Work request — Keep only the lines from the start of the data through the line containing "Potential in #FC24🤩", and output them exactly.

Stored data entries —
⟨

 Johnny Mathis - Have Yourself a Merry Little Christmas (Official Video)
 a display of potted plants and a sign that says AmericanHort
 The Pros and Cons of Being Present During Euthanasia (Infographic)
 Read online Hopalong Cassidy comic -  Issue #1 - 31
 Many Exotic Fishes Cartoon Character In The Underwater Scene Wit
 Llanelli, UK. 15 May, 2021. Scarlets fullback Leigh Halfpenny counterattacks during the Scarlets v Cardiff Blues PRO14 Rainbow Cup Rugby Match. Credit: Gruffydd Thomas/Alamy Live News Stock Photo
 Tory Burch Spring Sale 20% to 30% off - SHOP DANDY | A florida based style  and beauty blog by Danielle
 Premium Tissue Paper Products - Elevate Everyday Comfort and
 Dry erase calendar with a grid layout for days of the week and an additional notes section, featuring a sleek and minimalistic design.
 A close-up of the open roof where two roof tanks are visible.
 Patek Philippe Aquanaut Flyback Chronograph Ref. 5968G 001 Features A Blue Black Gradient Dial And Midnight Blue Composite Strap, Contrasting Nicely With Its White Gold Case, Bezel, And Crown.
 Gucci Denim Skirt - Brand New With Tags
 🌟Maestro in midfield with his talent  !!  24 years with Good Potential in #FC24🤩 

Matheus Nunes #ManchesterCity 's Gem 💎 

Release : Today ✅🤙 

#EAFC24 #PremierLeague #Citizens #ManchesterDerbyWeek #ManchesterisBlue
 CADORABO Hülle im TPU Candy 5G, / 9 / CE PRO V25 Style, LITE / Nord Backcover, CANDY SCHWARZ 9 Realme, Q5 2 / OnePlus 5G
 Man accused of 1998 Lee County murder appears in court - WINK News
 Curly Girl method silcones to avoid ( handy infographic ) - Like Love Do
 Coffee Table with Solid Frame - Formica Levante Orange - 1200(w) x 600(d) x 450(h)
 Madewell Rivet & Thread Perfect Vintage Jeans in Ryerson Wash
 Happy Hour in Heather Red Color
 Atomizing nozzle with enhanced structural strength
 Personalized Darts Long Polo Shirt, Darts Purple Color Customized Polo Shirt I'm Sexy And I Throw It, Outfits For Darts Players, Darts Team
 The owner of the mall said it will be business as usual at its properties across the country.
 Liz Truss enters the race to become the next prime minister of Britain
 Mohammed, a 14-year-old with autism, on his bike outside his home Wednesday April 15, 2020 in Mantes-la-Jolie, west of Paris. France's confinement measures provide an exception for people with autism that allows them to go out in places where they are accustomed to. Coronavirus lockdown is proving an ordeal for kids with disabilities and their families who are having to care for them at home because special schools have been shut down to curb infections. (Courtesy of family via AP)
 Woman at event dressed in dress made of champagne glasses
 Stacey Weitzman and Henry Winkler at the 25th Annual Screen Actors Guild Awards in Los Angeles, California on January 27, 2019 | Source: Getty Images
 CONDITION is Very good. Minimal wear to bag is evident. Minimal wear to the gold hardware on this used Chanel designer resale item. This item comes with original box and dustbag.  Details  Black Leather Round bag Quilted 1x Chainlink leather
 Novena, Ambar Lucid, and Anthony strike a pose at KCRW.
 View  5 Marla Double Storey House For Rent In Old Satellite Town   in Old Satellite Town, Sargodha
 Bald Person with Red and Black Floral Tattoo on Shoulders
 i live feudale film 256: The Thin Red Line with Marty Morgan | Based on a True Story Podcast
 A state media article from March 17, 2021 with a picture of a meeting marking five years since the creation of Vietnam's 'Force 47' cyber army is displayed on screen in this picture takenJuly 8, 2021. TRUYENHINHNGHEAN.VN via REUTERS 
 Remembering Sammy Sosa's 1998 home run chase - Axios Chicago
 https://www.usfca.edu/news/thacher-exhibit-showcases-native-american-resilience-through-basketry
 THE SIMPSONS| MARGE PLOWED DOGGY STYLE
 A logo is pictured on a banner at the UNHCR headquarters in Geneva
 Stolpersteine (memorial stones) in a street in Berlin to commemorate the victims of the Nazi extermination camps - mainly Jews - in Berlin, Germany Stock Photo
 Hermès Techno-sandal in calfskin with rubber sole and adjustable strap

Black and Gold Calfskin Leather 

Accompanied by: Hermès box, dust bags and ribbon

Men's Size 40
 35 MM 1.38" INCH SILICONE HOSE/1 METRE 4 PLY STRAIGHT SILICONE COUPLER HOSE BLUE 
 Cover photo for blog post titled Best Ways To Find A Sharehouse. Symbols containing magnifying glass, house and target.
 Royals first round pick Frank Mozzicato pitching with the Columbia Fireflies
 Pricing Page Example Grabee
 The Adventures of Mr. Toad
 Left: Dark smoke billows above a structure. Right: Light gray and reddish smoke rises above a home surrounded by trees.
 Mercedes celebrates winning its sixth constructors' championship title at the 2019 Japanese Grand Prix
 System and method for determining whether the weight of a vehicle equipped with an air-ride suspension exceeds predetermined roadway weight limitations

⟩

Task response —
 Johnny Mathis - Have Yourself a Merry Little Christmas (Official Video)
 a display of potted plants and a sign that says AmericanHort
 The Pros and Cons of Being Present During Euthanasia (Infographic)
 Read online Hopalong Cassidy comic -  Issue #1 - 31
 Many Exotic Fishes Cartoon Character In The Underwater Scene Wit
 Llanelli, UK. 15 May, 2021. Scarlets fullback Leigh Halfpenny counterattacks during the Scarlets v Cardiff Blues PRO14 Rainbow Cup Rugby Match. Credit: Gruffydd Thomas/Alamy Live News Stock Photo
 Tory Burch Spring Sale 20% to 30% off - SHOP DANDY | A florida based style  and beauty blog by Danielle
 Premium Tissue Paper Products - Elevate Everyday Comfort and
 Dry erase calendar with a grid layout for days of the week and an additional notes section, featuring a sleek and minimalistic design.
 A close-up of the open roof where two roof tanks are visible.
 Patek Philippe Aquanaut Flyback Chronograph Ref. 5968G 001 Features A Blue Black Gradient Dial And Midnight Blue Composite Strap, Contrasting Nicely With Its White Gold Case, Bezel, And Crown.
 Gucci Denim Skirt - Brand New With Tags
 🌟Maestro in midfield with his talent  !!  24 years with Good Potential in #FC24🤩 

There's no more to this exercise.